··· Data provided ···
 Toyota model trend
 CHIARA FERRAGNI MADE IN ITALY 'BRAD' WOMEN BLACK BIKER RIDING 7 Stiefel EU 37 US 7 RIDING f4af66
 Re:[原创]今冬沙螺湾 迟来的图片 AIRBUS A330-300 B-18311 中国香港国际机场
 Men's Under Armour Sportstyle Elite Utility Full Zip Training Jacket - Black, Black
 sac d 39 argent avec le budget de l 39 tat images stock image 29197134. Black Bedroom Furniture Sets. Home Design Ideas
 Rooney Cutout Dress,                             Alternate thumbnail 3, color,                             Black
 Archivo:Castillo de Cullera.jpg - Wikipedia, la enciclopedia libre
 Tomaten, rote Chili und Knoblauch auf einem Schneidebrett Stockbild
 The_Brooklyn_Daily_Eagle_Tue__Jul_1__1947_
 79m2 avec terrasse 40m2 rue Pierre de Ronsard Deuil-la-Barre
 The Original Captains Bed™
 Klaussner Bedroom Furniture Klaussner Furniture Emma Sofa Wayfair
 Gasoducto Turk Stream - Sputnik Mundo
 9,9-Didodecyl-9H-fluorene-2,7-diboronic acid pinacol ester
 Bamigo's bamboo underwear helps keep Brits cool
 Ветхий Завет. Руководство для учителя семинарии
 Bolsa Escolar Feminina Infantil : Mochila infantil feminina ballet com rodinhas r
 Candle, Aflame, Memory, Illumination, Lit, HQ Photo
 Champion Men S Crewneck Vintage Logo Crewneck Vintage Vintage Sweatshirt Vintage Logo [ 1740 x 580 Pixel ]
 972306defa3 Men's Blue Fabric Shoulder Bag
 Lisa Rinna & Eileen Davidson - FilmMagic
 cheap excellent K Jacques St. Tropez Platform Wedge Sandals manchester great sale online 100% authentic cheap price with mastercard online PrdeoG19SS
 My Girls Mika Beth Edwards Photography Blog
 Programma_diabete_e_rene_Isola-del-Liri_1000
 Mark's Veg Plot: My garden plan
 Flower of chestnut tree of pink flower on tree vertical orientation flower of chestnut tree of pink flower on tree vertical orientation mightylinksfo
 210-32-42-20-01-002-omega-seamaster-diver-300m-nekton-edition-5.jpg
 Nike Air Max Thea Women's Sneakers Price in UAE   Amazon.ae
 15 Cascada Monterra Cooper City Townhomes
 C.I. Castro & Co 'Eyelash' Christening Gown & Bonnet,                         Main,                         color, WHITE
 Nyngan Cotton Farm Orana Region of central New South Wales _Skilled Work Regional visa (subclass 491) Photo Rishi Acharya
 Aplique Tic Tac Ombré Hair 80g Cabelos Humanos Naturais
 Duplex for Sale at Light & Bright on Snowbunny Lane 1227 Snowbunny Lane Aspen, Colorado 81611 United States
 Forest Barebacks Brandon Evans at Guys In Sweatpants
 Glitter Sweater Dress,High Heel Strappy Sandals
···
_Aim of the task_
With the line containing "Duplex for Sale" as the first and the final line of the entries above as the last, write out that span exactly and nothing more.

_Written solution_
 Duplex for Sale at Light & Bright on Snowbunny Lane 1227 Snowbunny Lane Aspen, Colorado 81611 United States
 Forest Barebacks Brandon Evans at Guys In Sweatpants
 Glitter Sweater Dress,High Heel Strappy Sandals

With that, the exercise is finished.